• _Input data_
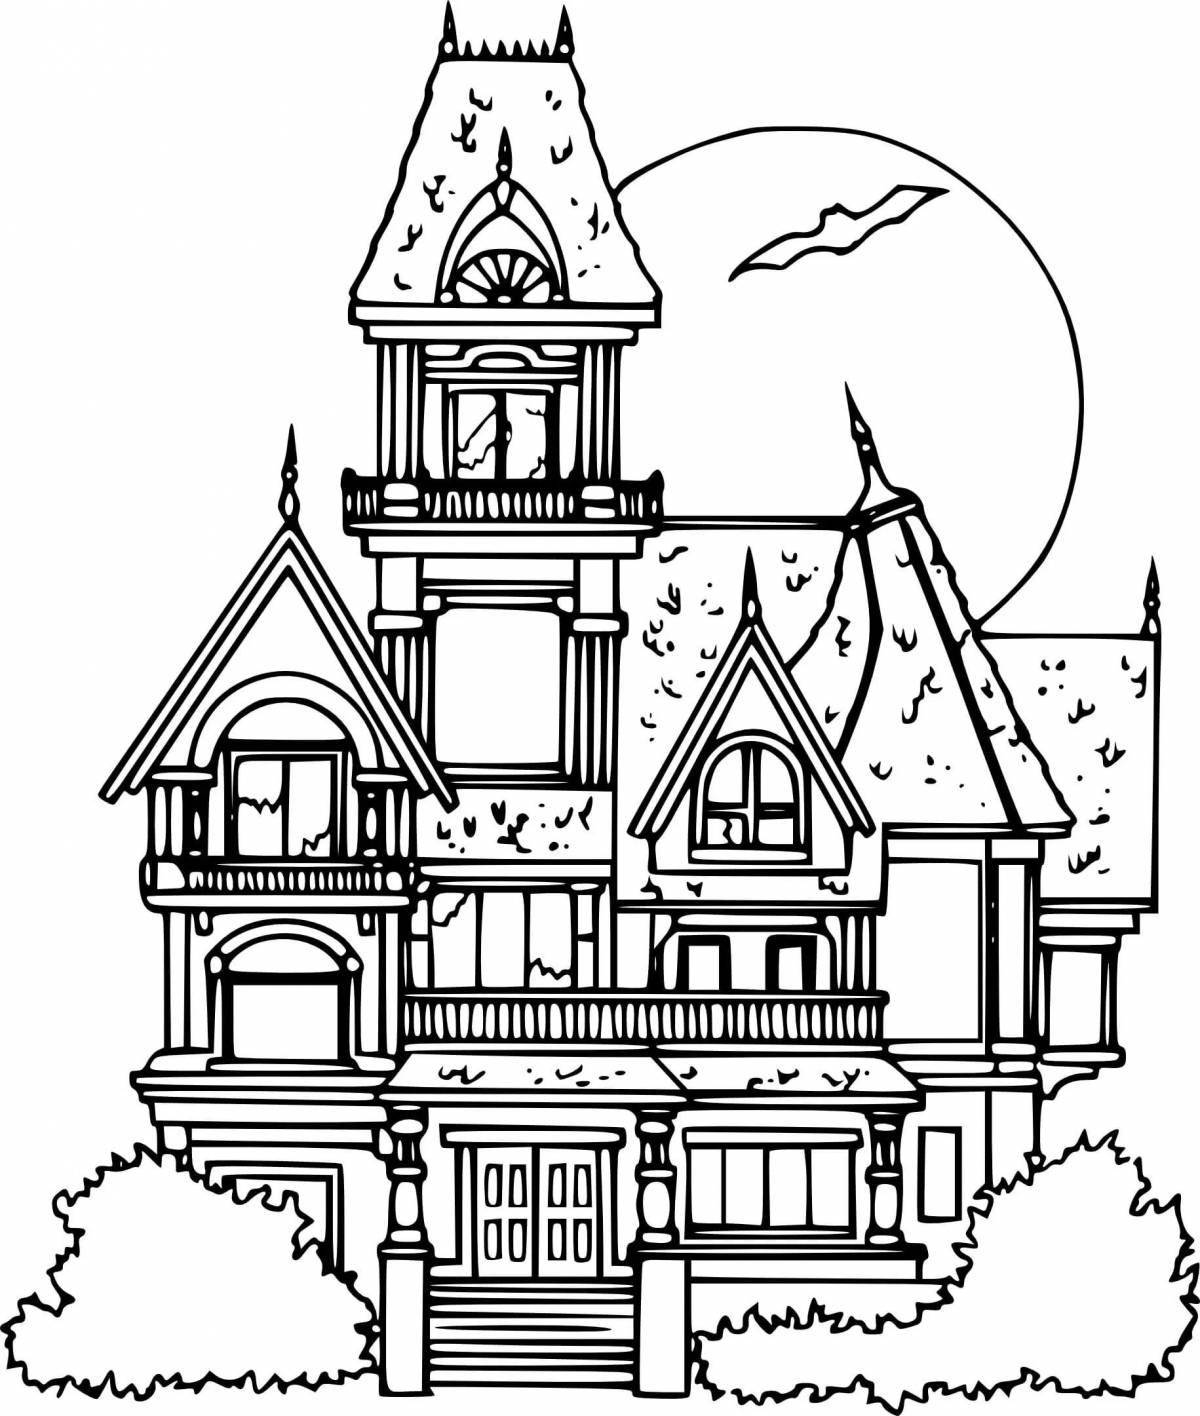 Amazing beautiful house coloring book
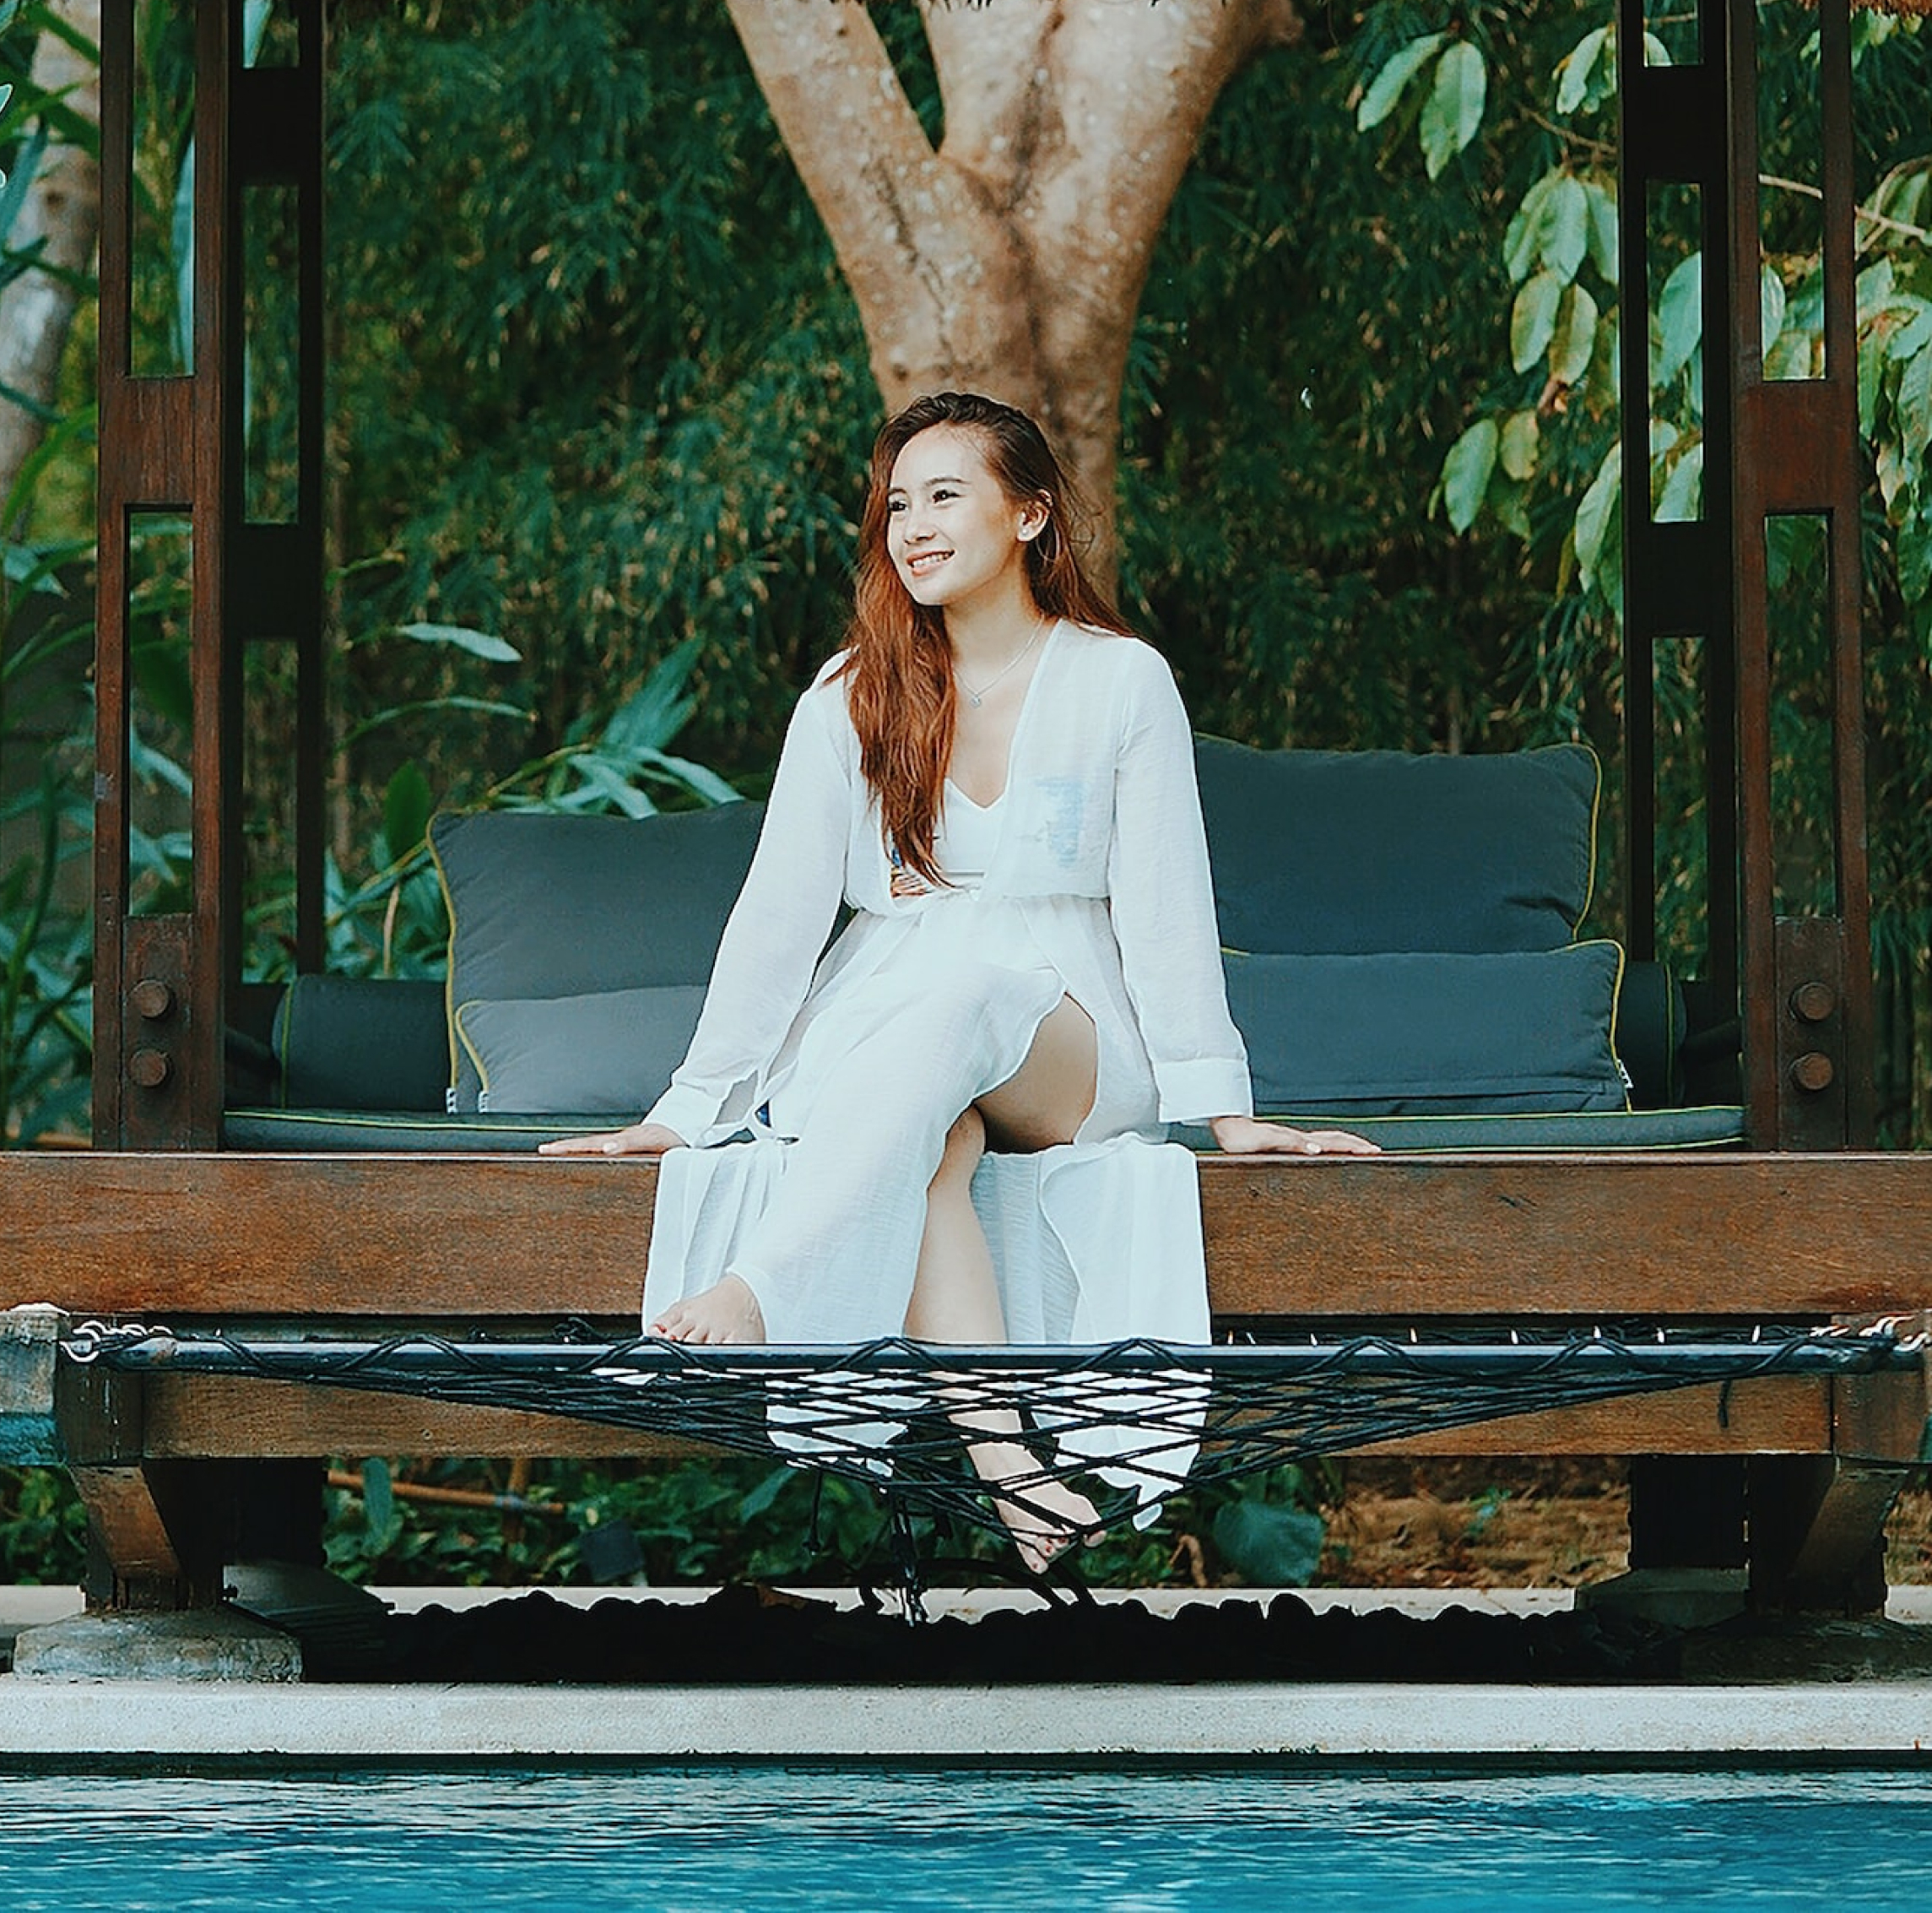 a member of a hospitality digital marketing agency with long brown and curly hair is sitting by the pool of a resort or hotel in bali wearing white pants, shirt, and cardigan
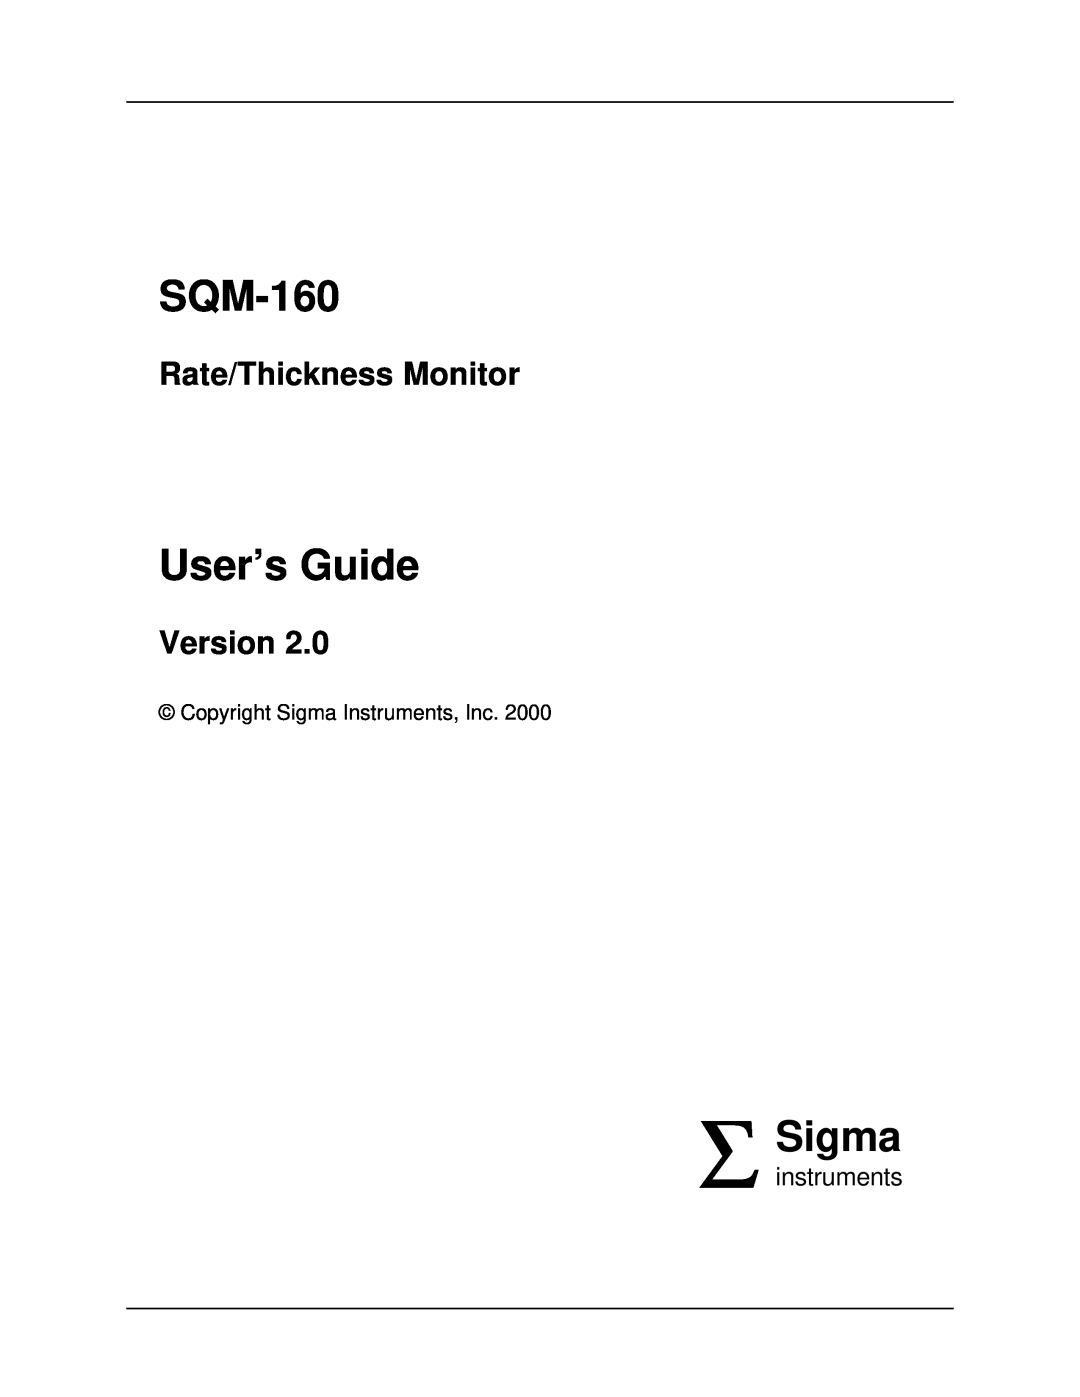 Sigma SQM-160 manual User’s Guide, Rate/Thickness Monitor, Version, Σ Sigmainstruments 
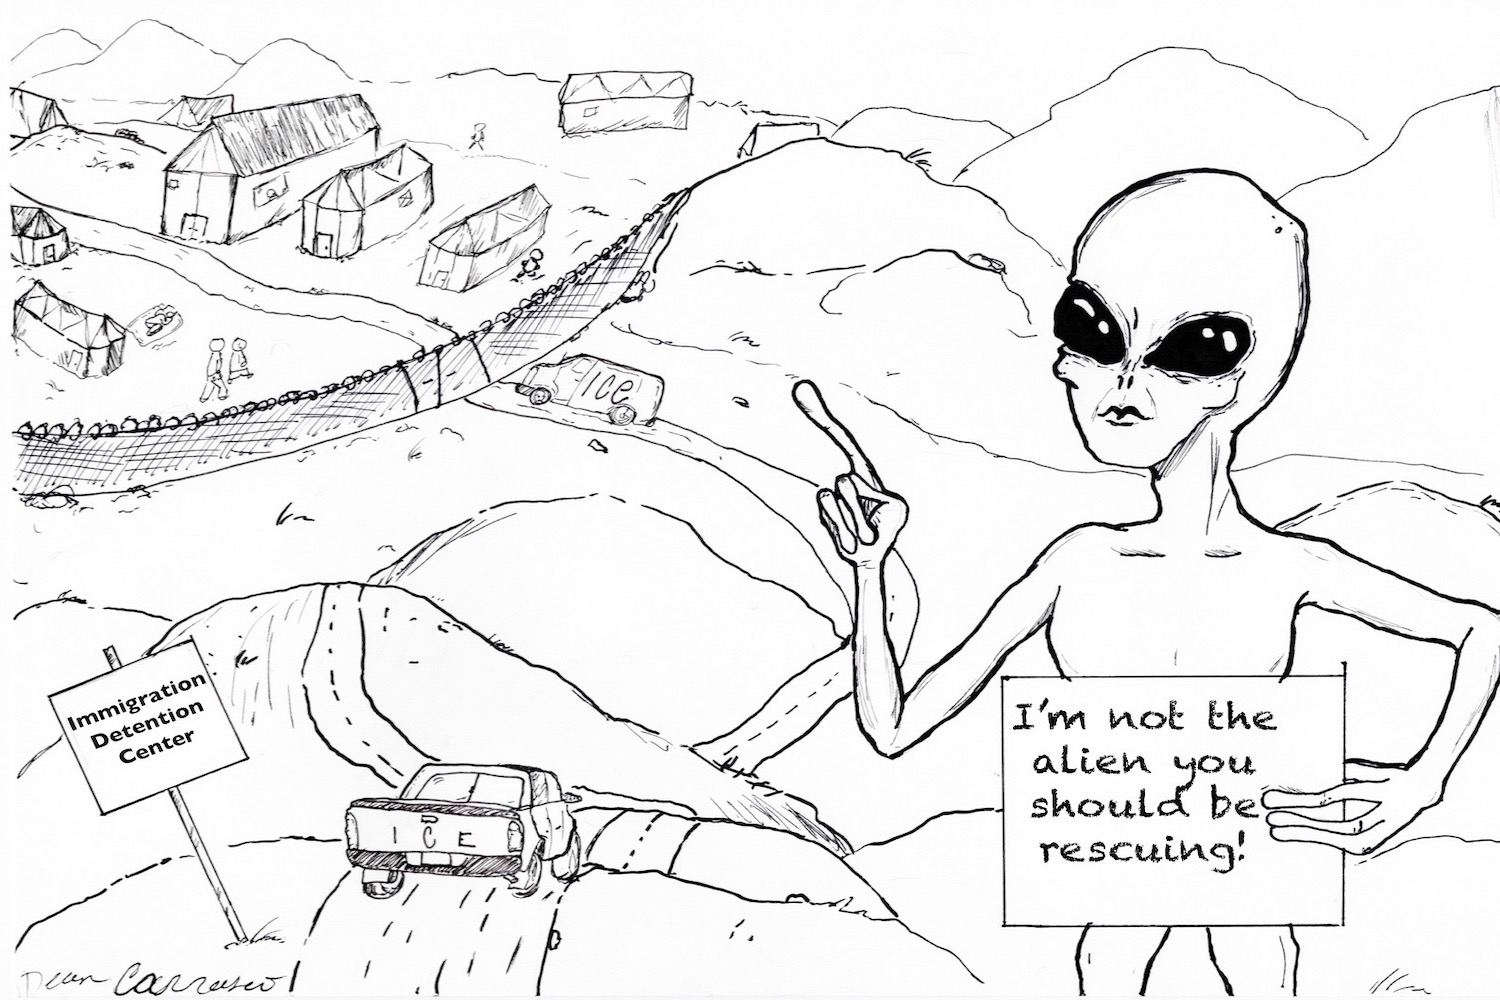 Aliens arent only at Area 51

• _Assignment_
Drop the pictures and reproduce the rest of the data above exactly.

• _Exercise response_
 Amazing beautiful house coloring book
 a member of a hospitality digital marketing agency with long brown and curly hair is sitting by the pool of a resort or hotel in bali wearing white pants, shirt, and cardigan
 Sigma SQM-160 manual User’s Guide, Rate/Thickness Monitor, Version, Σ Sigmainstruments 
 Aliens arent only at Area 51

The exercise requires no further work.